Cape porcupines are one of the largest rodents in Africa and also one of the largest species of porcupine. Cape porcupines are amongst the largest living rodents in the world; a few other rodents appear to be larger in body mass such as the capybara and the Eurasian and North American beavers. They are similar in appearance to the slightly larger and closely related crested porcupine. They can most easily be distinguished from them by the presence of a band of short white spines along the midline of the rump. Indian porcupines are almost the same size on average as well, being slightly heavier on average than crested porcupines but slightly lighter than Cape porcupines.

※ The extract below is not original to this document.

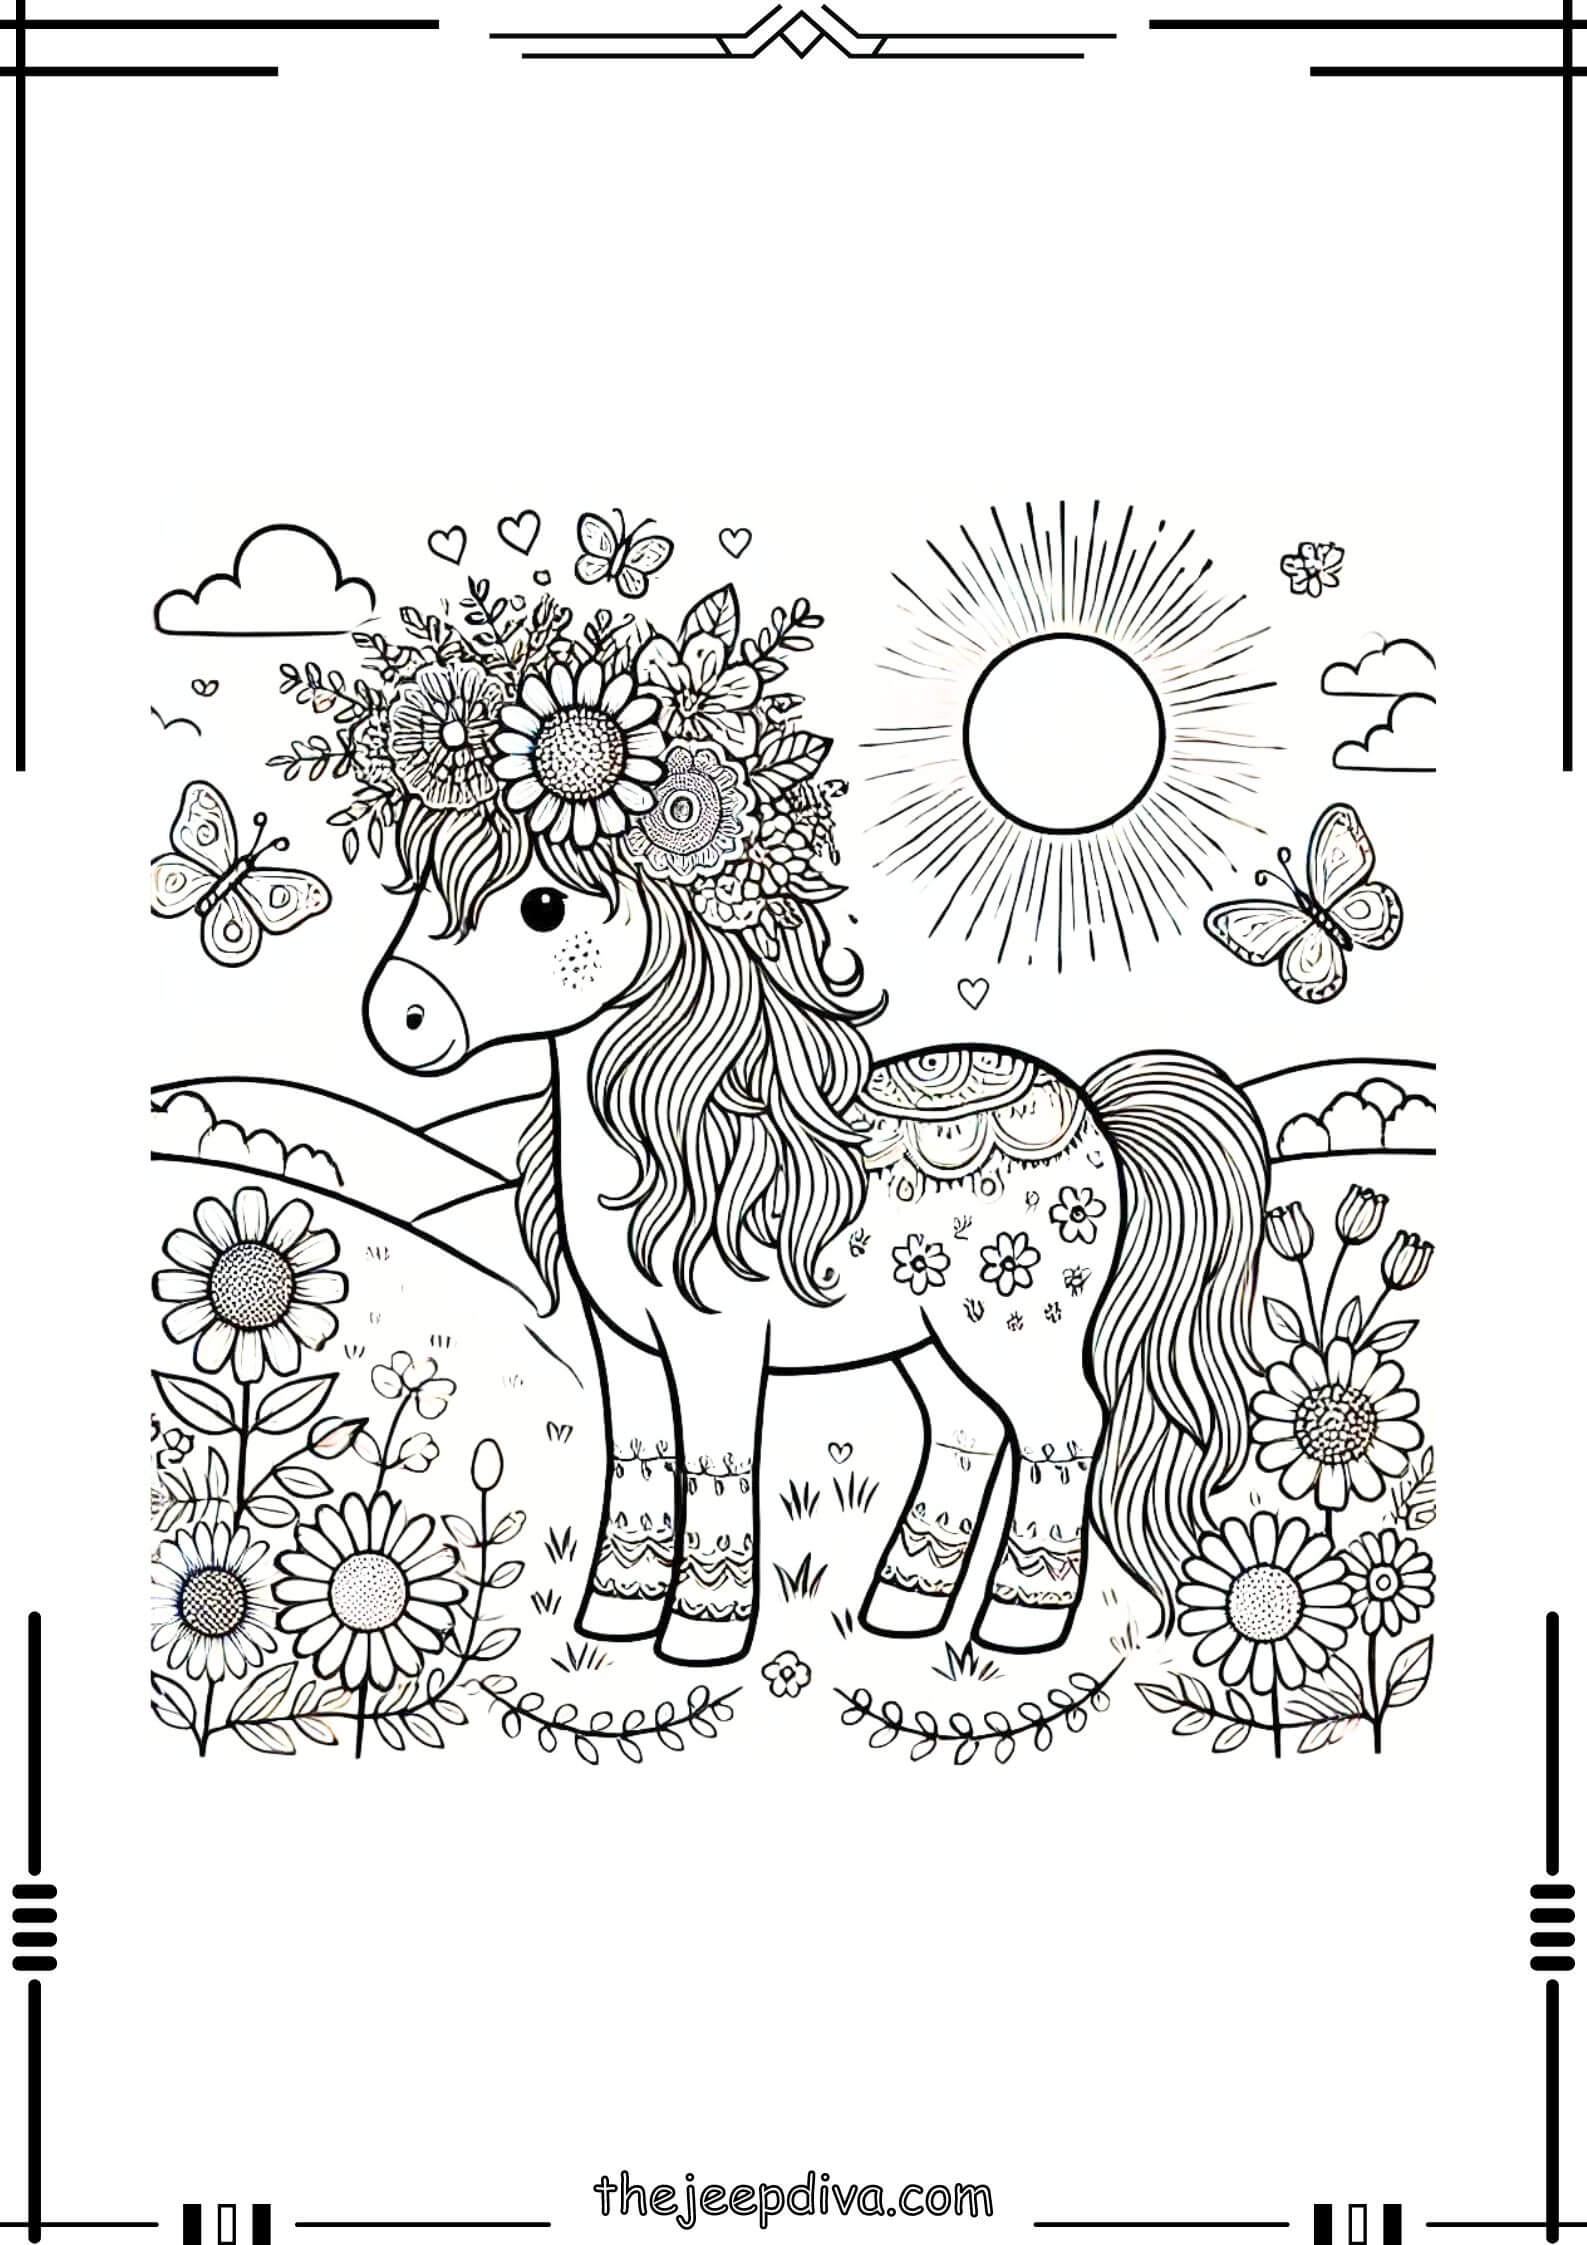 Horse-Colouring-Pages-Medium-24

Cape porcupines measure 63 to 81 cm long from the head to the base of the tail, with the tail adding a further 11–20 cm. They weigh from 10 to 24 kg, with exceptionally large specimens weighing up to 30 kg; males and females are not significantly different in size. The average weight of males from Zimbabwe was 16.9 kg and while the average for females there was 18.4 kg while in the Orange river valley of South Africa males averaged 12.3 kg and females averaged 13 kg.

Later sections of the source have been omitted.